There’s a long line of brothers and sisters in Christ who together have led me to faith, taught me faith, showed me faith, encouraged my faith, nurtured my faith, prayed for my faith, and helped me persevere with faith through hard days when I’ve been tempted to lack or lose faith altogether. And that, in a sense, is the whole point of this three-week series—”In This Together”—to stop for a moment, look each other in the eye, and say, “We need each other.” I need you for my faith. You need me for your faith. We need each other in this world if we’re going to make it to the next world. 

Last week, Eric walked us through Hebrews 10:19–22 to show us how we need each other in order to draw near to God. As I was listening to him preach, I was thinking, Yes, this is what we’re here for in each other’s lives. I want the effect of my relationship with you to be you drawing closer to God, and I want the effect of your relationship with me to be me drawing closer to God. Let’s be the kind of people in each other’s lives that, simply because we’re around each other, we’re drawing nearer to God. 

And then today we’re going to take this to a whole nother level. We’re going to do something we don’t normally do. We’re going to look at just one verse in the Bible— Hebrews 10:23. And I actually have a couple of goals for our time together in God’s Word today. One is to show you the stunning truth of Hebrews 10:23. I’ll just go ahead and put it up on the screen. I want to show you what this means, but then I also want to help you see how you can meditate on just one verse of the Bible for a long time in a really meaningful way on your own.

So I am zealous for you not just to hear what I hope is helpful teaching from God’s Word, like every week we gather together, but I’m zealous for you to experience personal intimacy with God in his Word on a day by day basis. You don’t fall in love with someone through proxy, through someone else.

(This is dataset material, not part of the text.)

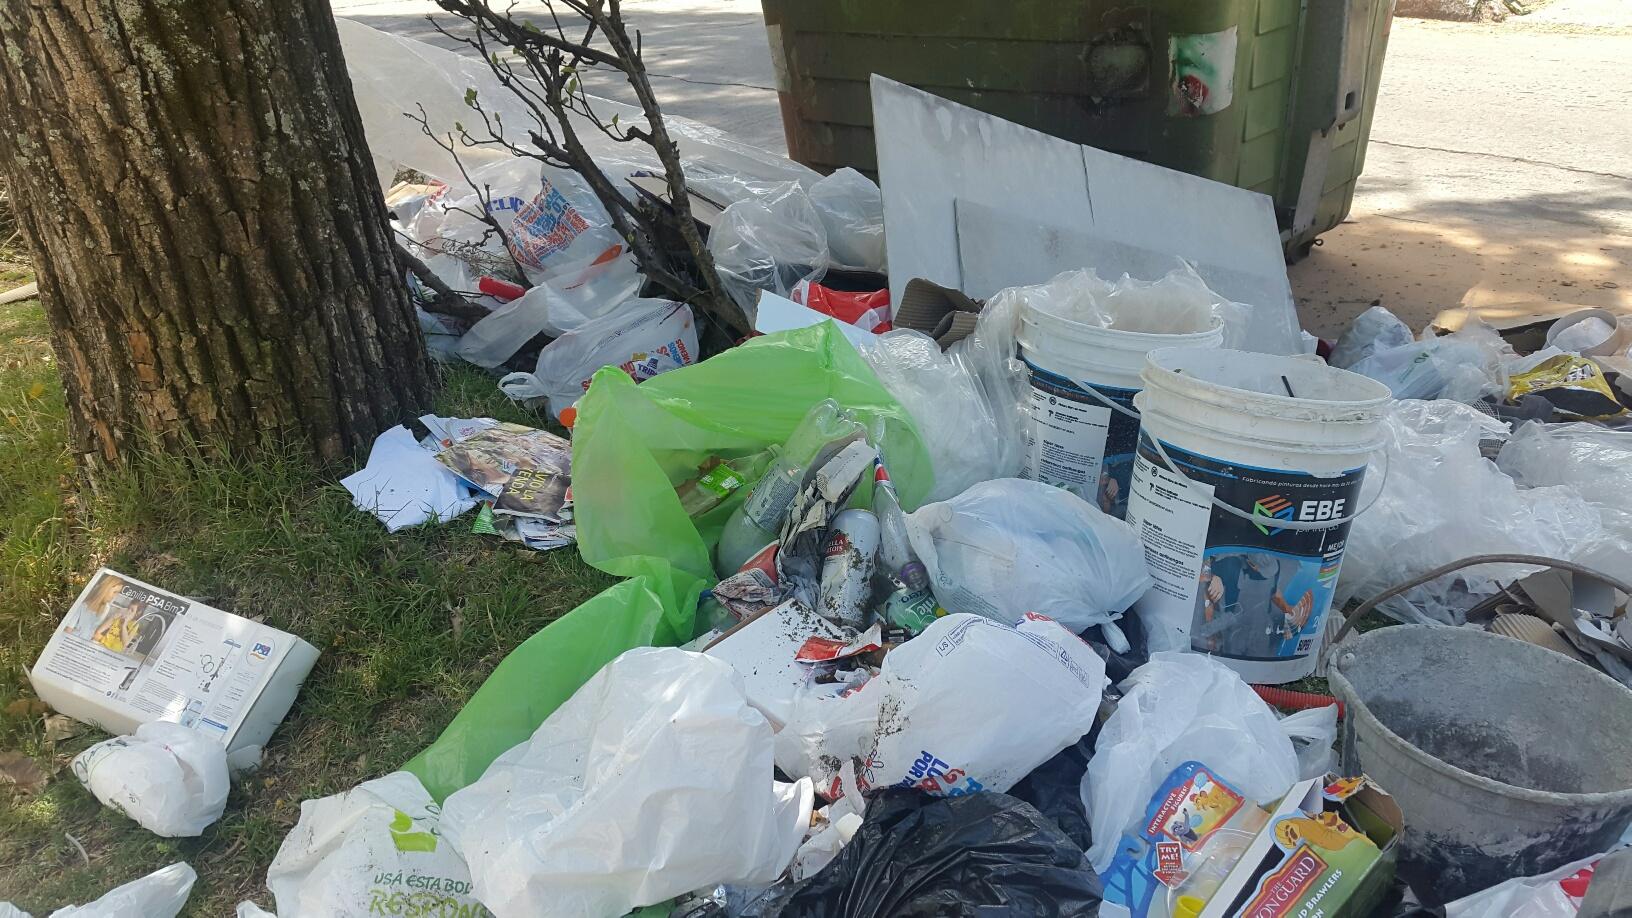 Recolección de residuos en fin de año, ¿qué pasa?

You fall in love with someone personally, and I long for each of you to experience love relationship with God through his Word—not just proxy or somebody else teaching it to you, but personally on your own. Whether you’re a child or a teenager or a busy young adult or working dad or mom, a senior adult, whoever you are, whatever stage of life you’re in, I am zealous for you to have concentrated time alone, just you and God, each day, where you’re experiencing intimacy with God through his Word.

MAPS – Meditate/Memorize, Apply, Pray, Share
We use an acrostic called MAPS that … many of you have been around here, [and] you have heard many different times just a map for experiencing intimacy with God in his Word on a daily basis. Many of you could say what that acrostic stands for: M [stands for] meditate and memorize; A stands for apply; P stands for Pray—praise, repent, ask, and yield (which you’ll notice is another acrostic: PRAY); and then S stands for share. And it’s not necessarily that you do step 1, 2, 3, 4, but these are essentially disciplines or practices to learn and to do whenever you’re reading the Bible; to learn to meditate and memorize and apply and pray and share what God is showing you in his Word. 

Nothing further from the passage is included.